# Love them Now



## Megora (Jun 7, 2010)

One of the hardest and most painful lessons we learned with our first boy was the very last one. We knew he was dying for 6 months, but we lived in denial. We blocked the thought of the end from our heads.

On one hand, we did everything to give that dog as good a life to the end as we could, but there were still painful regrets. Things we didn't think about. Things we never considered. Little things. Things we could have done BEFORE he got sick. Before the final 6 months. Going back to the beginning when he was a puppy. There was so much stuff we could have done better. 

And you never know when the end might come sometimes. 

It comes as an utter shock.

Blindsides you.

Leaves you feeling like you've cried so much that there's just nothing but numb dead pain inside. 

I had all this going through my head recently with everything that happened with my Jacks last month. He had a nosebleed. I thought it was cancer and I though we were going to lose him. I had even called up and spoke with a tech at a cancer clinic here in MI to discuss end of life treatment for a dog who you don't want to put through chemo or radiation, but who is not there at the end yet. We discussed what I could do. I spoke with friends who went through similar things... cancers... with their dogs and their experience. Even the thought of Jacks going through the disfiguring conditions of the type of cancer I thought he might have, hurt like a stab in the chest. Because this is a dog whose face lights your day just looking at it. Not just him being beautiful. He's always been a dog who has that kind of face you never forget. You can see his vibrant little soul in his face. And when I say vibrant - mean bigger than life.

No. 

Jacks did not have cancer. And he is quite back to normal in every way. And happy.

But we just lost our Arthur. Not sure who remembers him here... but he was the very sweet rough collie that our family adopted 10 years ago. He was going to turn 13 in September....

My sister and mom opted not to do a necropsy, but we suspect we know what happened. Sunday morning he had a very high fever and was going into shock. There was infection somewhere in his body and the vet did not think he was strong enough to fight it. Among else, his arthritis was really bad and all the meds to treat his arthritis were taking their toll on his liver. 

We all knew his arthritis was crippling him. He couldn't walk anymore. We had to carry him outside, hold him up so he could go potty, and carry him back in. 

We knew there were other issues related to nerves and his arthritis - including frequent accidents.

We knew his liver was starting to fail.

But we just weren't ready. None of us were. 

I believe he is going to be another dog who we will go a few years avoiding talking about - because the pain is just too much. 

I'm writing this partly and again to remind everyone to not take any day for granted. Not today or tomorrow. 

If there's things you've thought about doing for the dogs or getting for the dogs - do it now. 

I mean things like buying toys for them every time you get a paycheck. Buy them the special canned food every other week as a special treat. I used to get the Evangers canned food, but now purchase the Merrick cans of beef stew or other products for my boys. Buy the plush orthopedic beds for them to sleep on.

Let them sleep on the couch or your bed. 

Let them "clean" your plate when you're done eating. 

Let them have the run of the house and yes - take them swimming every chance you get. Or take them places that you know fills them with joy. 

Arth had no appreciation for lakes and ponds and did not like the goldens getting in there. But he loved fields. When he could open up and RUN - that was what he loved. 

Don't put stuff off for later.


----------



## BriGuy (Aug 31, 2010)

So sorry to hear about Arthur! I remember hearing about him over the years, and seeing his pictures on here. 
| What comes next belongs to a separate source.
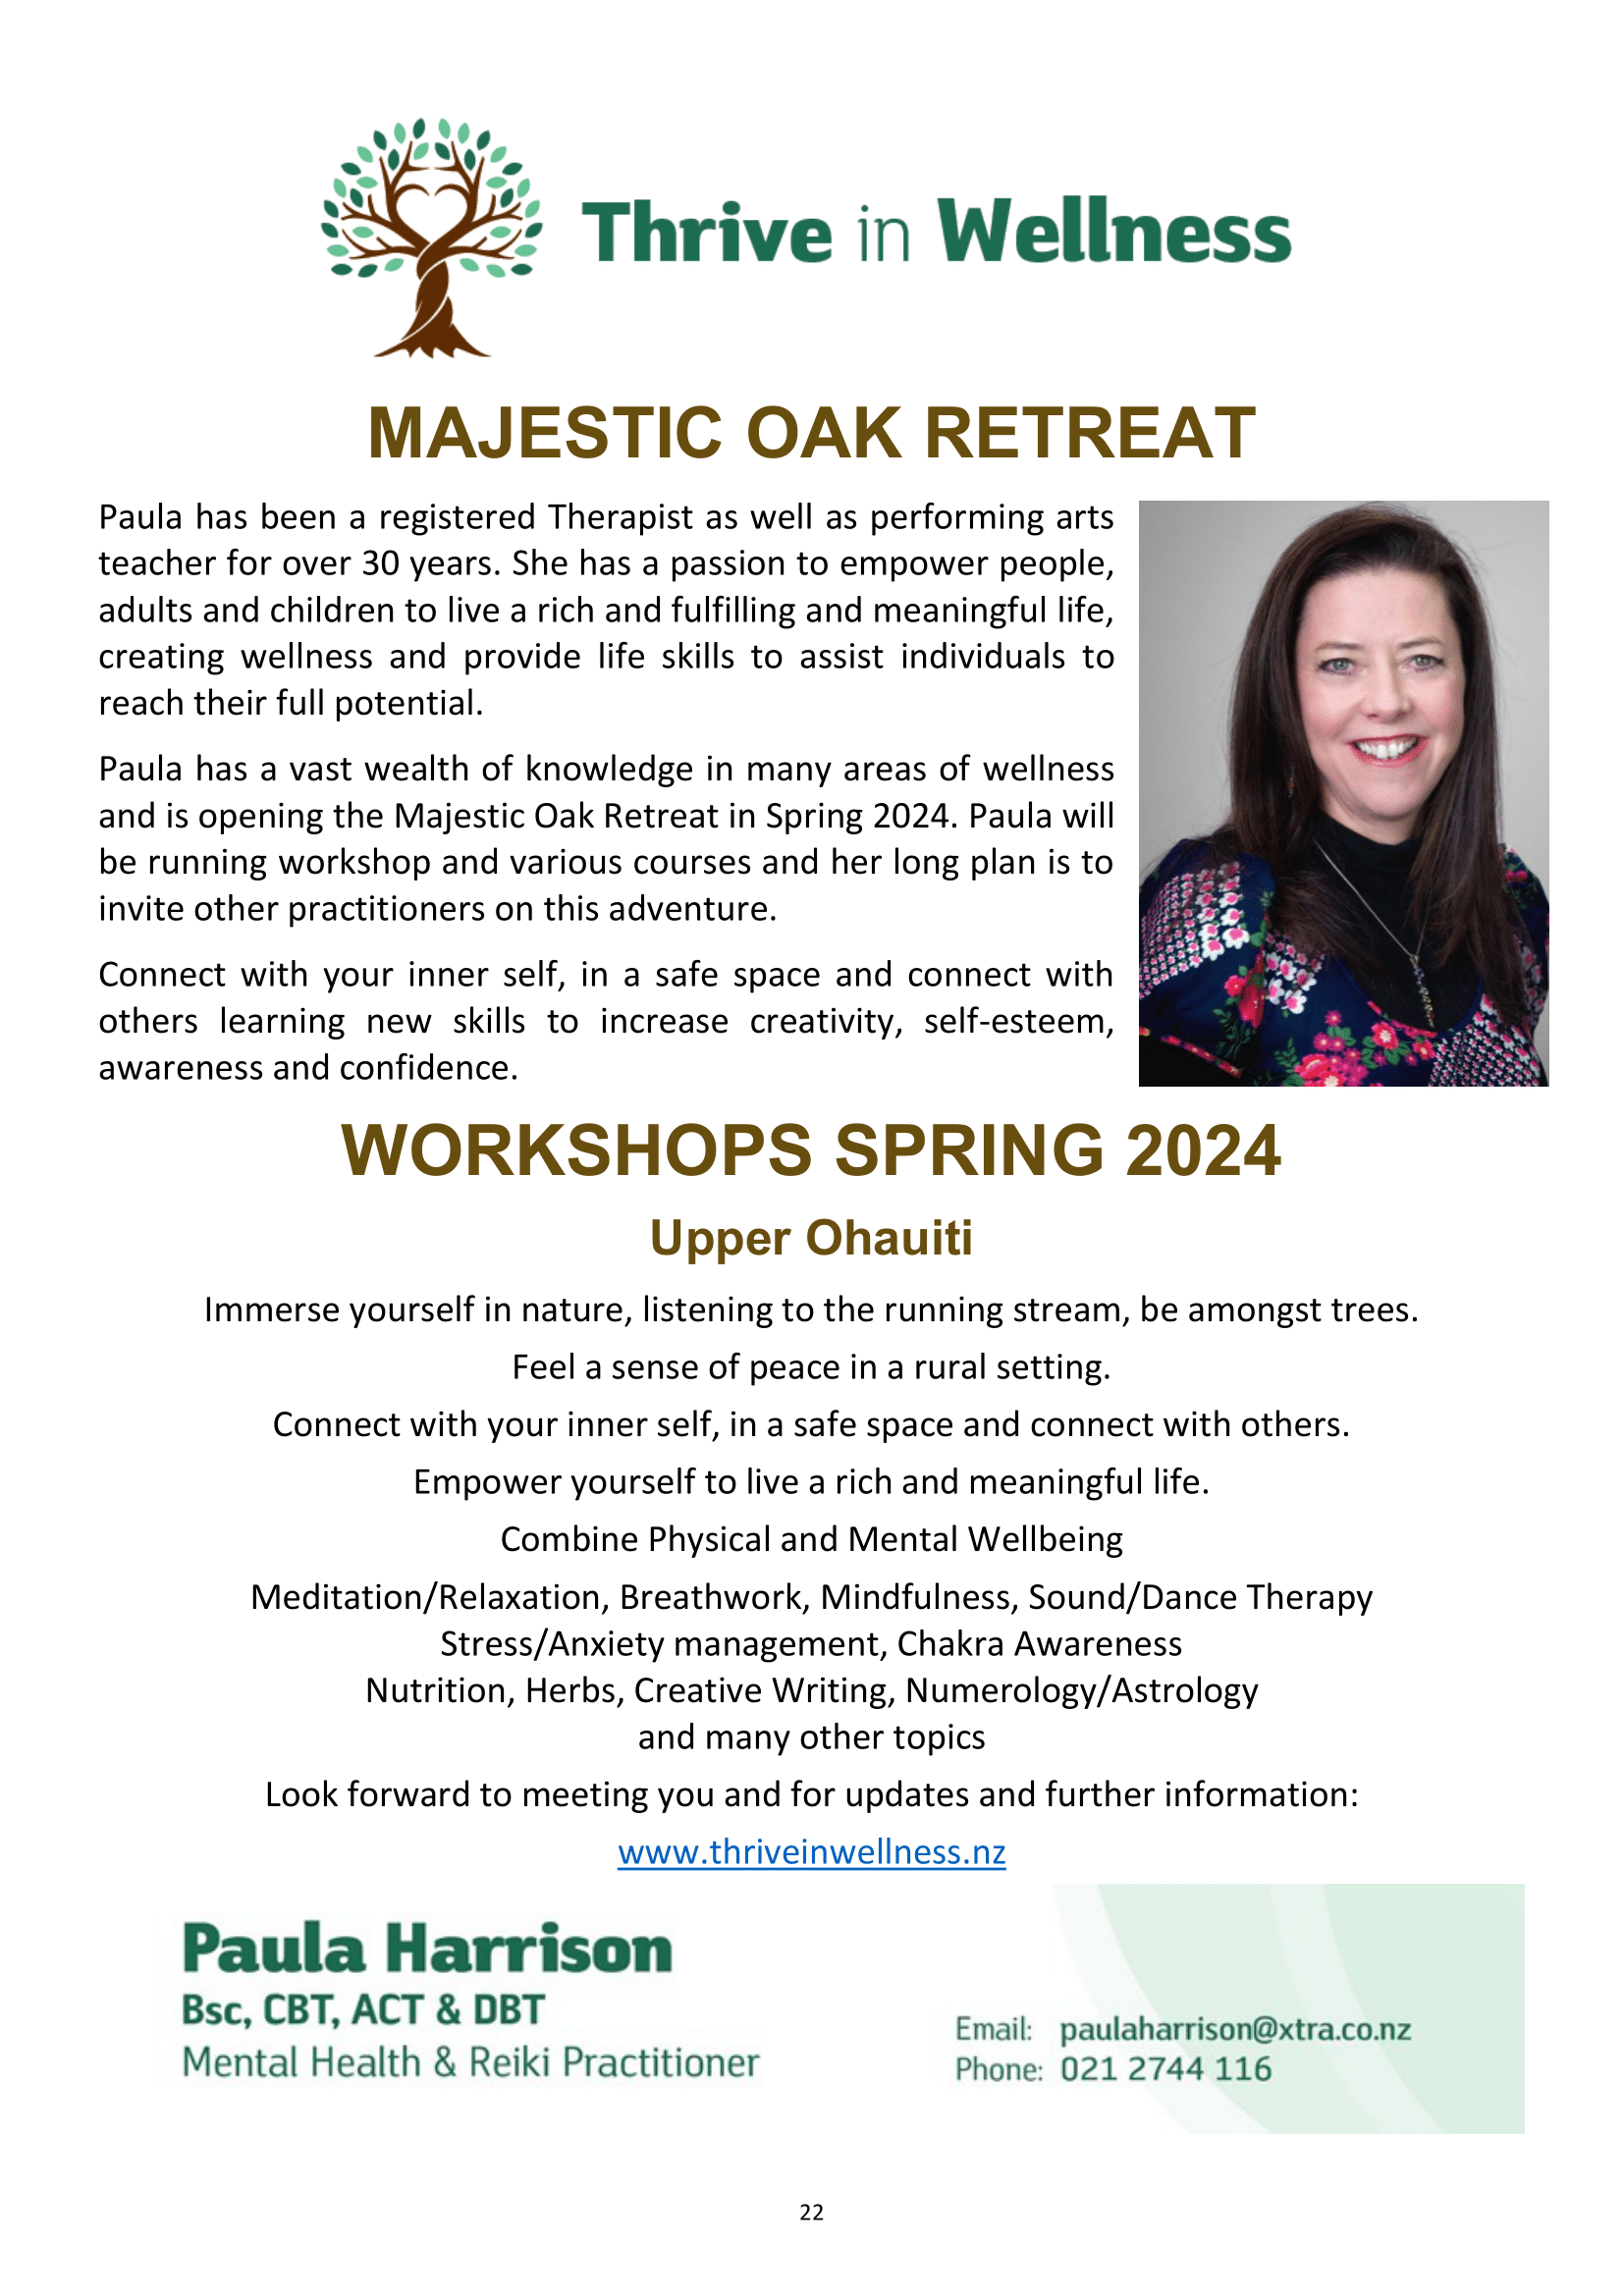 Workshops Spring 2024

It is so hard, but it is a good reminder to take every opportunity we can to spend quality time with them. They give so much to us.


----------



## alphadude (Jan 15, 2010)

You never get enough time...and they are irreplaceable.


----------



## TheZ's (Jun 13, 2011)

So sorry to hear about your loss of Arthur. It's so true that we shouldn't take any day for granted and we never know how long they'll be with us.


----------



## G-bear (Oct 6, 2015)

Kate, I am so sorry for your loss of Arthur. 
Expected or unexpected, old or young, the loss cuts like a knife and is never truly expected because I think we always hope in our hearts that our dogs will be with us forever. Each day with them is an incredible gift. A great joy and I thank your for reminding all of us of this. 
My deepest sympathy to you and your family.


----------



## Sweet Girl (Jun 10, 2010)

So sorry for the loss of Arthur. They are never with us long enough.


----------



## Vhuynh2 (Feb 13, 2012)

I'm so sorry for your loss of Arthur. We try to bring them joy every day but the time we have with them is never long enough, and sadly many things we wish we could've done with them remain undone. But, we try our best. 

PS. That song would make me cry whenever it came on the radio when it was really popular a few months back. Made me think of Molly every time.


----------



## AmberSunrise (Apr 1, 2009)

So very sorry to hear about your Arthur. Godspeed Arthur.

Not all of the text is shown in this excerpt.